Task to carry out: Repeat the listing exactly, minus the pictures.

Dataset section:
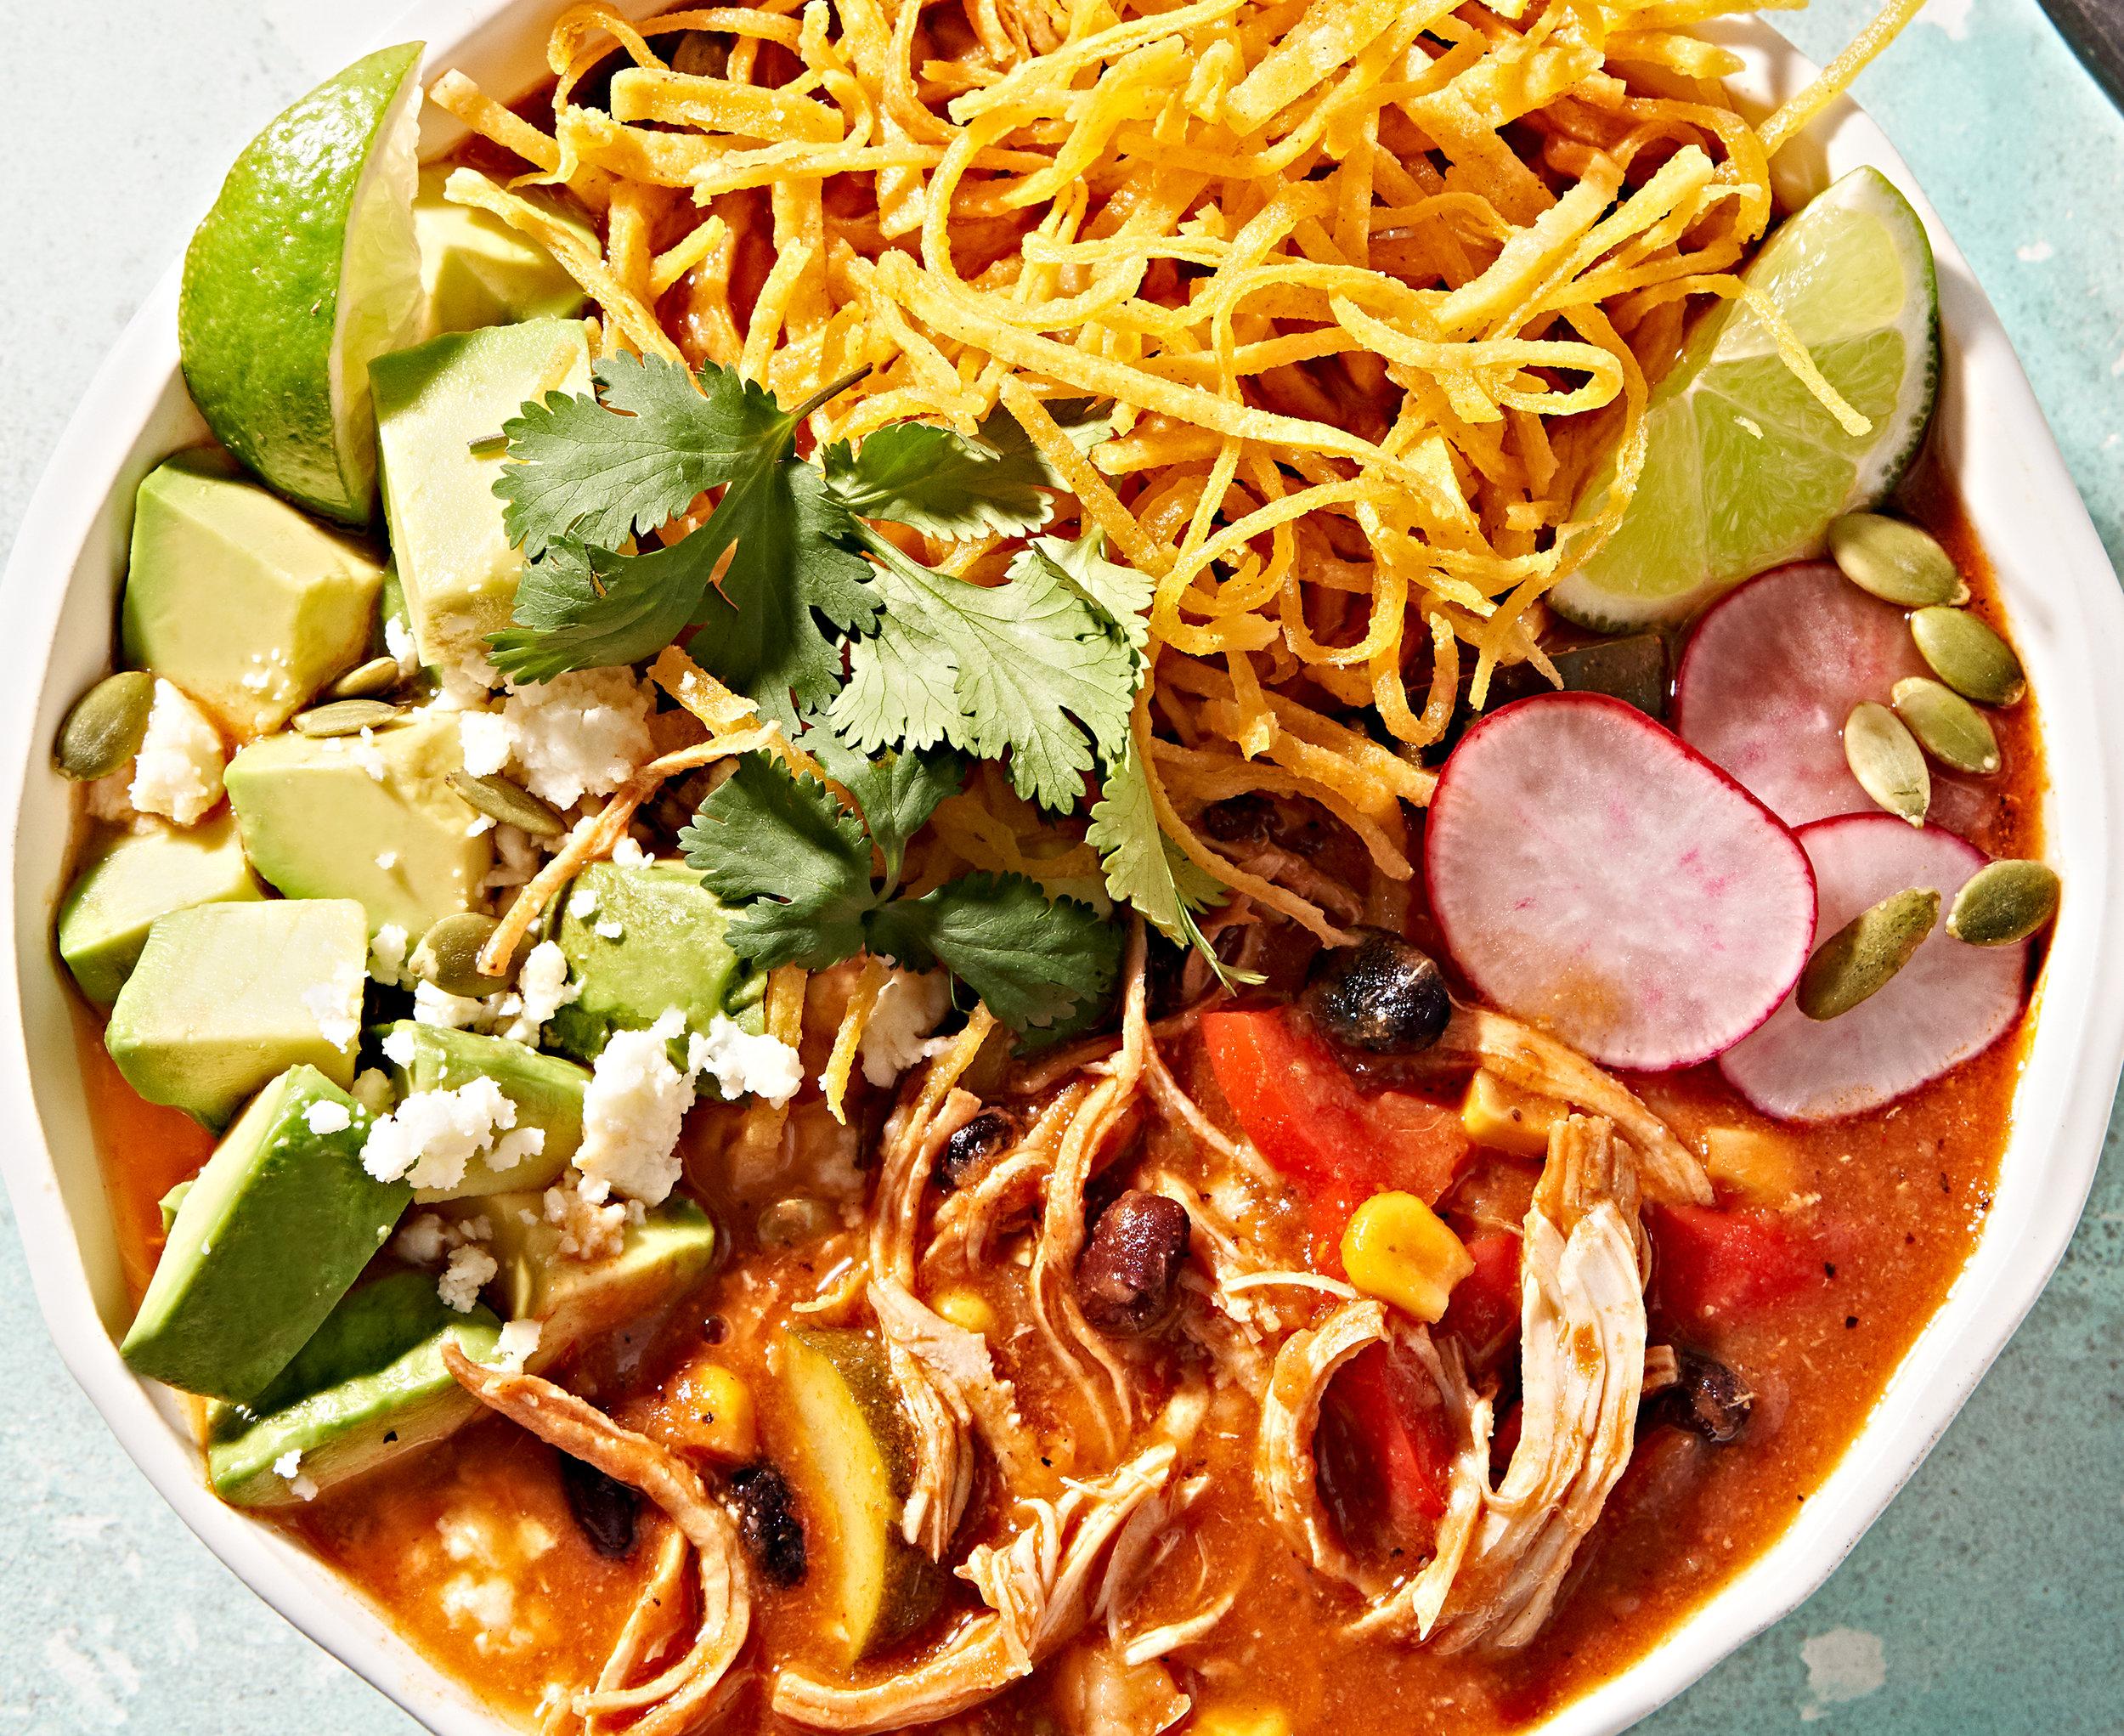 Instant Pot Mexican chicken tortilla soup with avocado
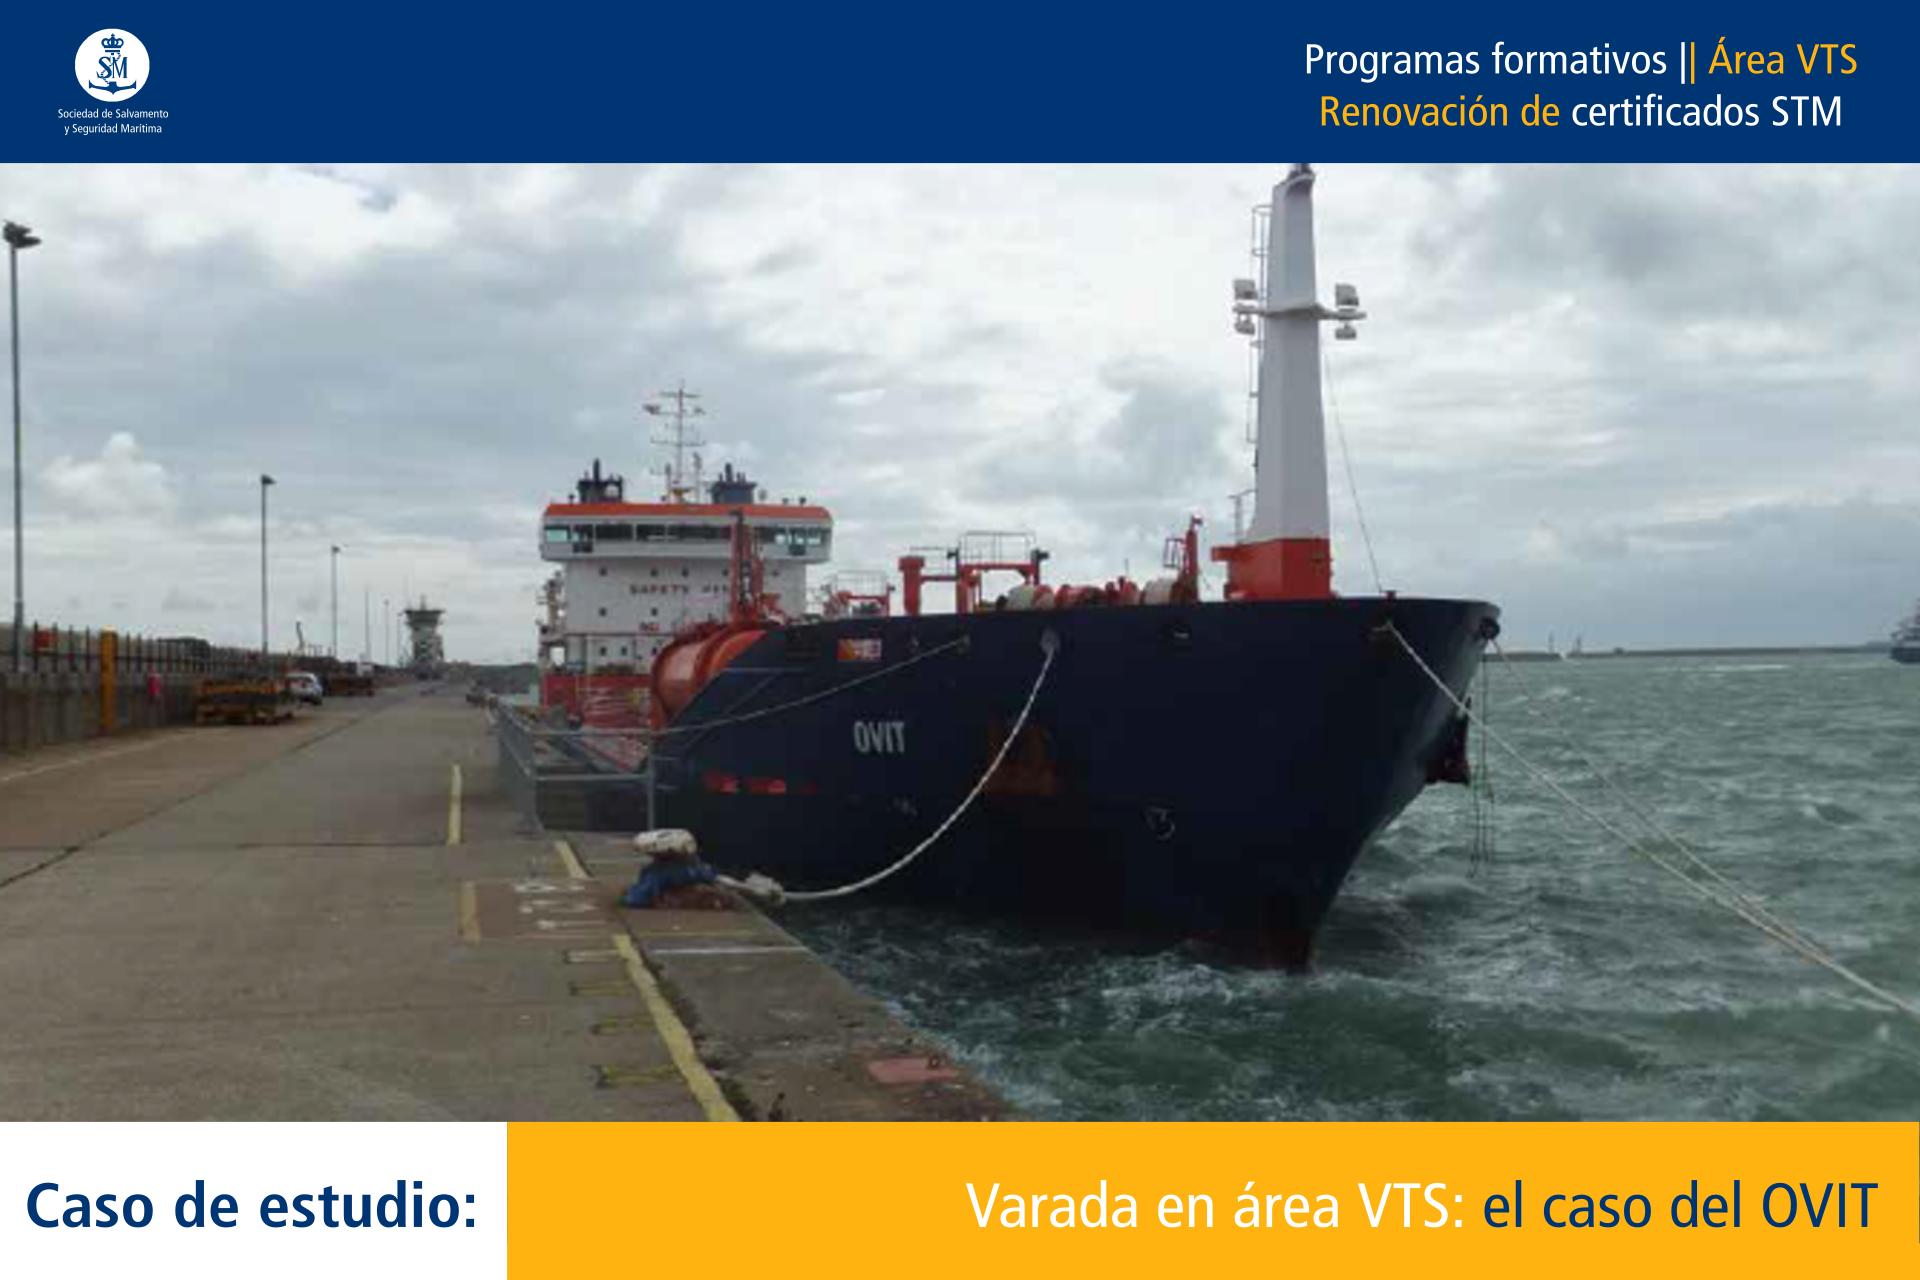 CE Varada en área VTS: Ovit
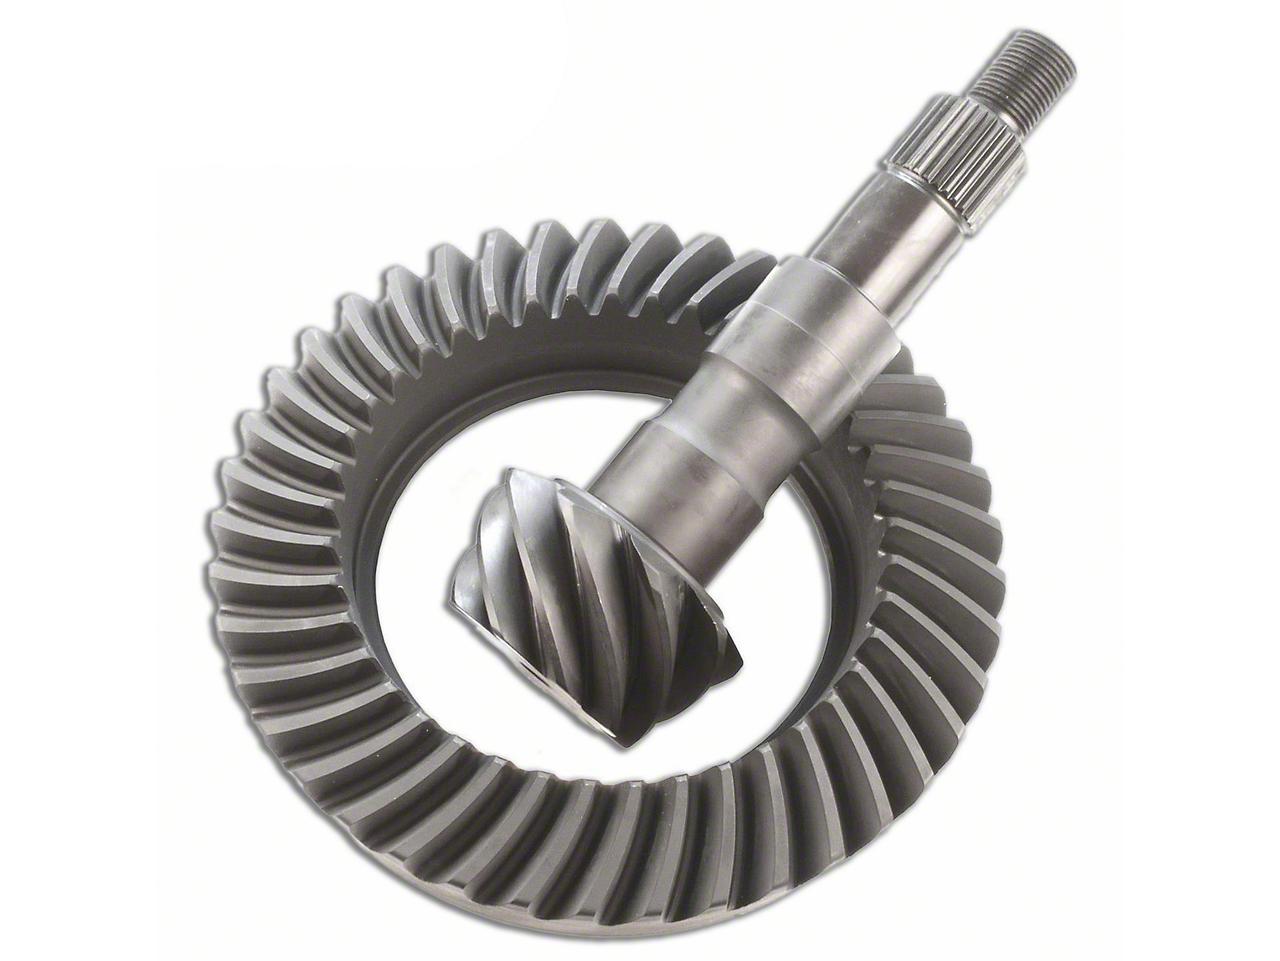 Motive Performance 8.5 in. & 8.6 in. Rear Ring Gear and Pinion Kit - 4.56 Gears (07-18 Silverado 1500)

Output of the exercise:
 Instant Pot Mexican chicken tortilla soup with avocado
 CE Varada en área VTS: Ovit
 Motive Performance 8.5 in. & 8.6 in. Rear Ring Gear and Pinion Kit - 4.56 Gears (07-18 Silverado 1500)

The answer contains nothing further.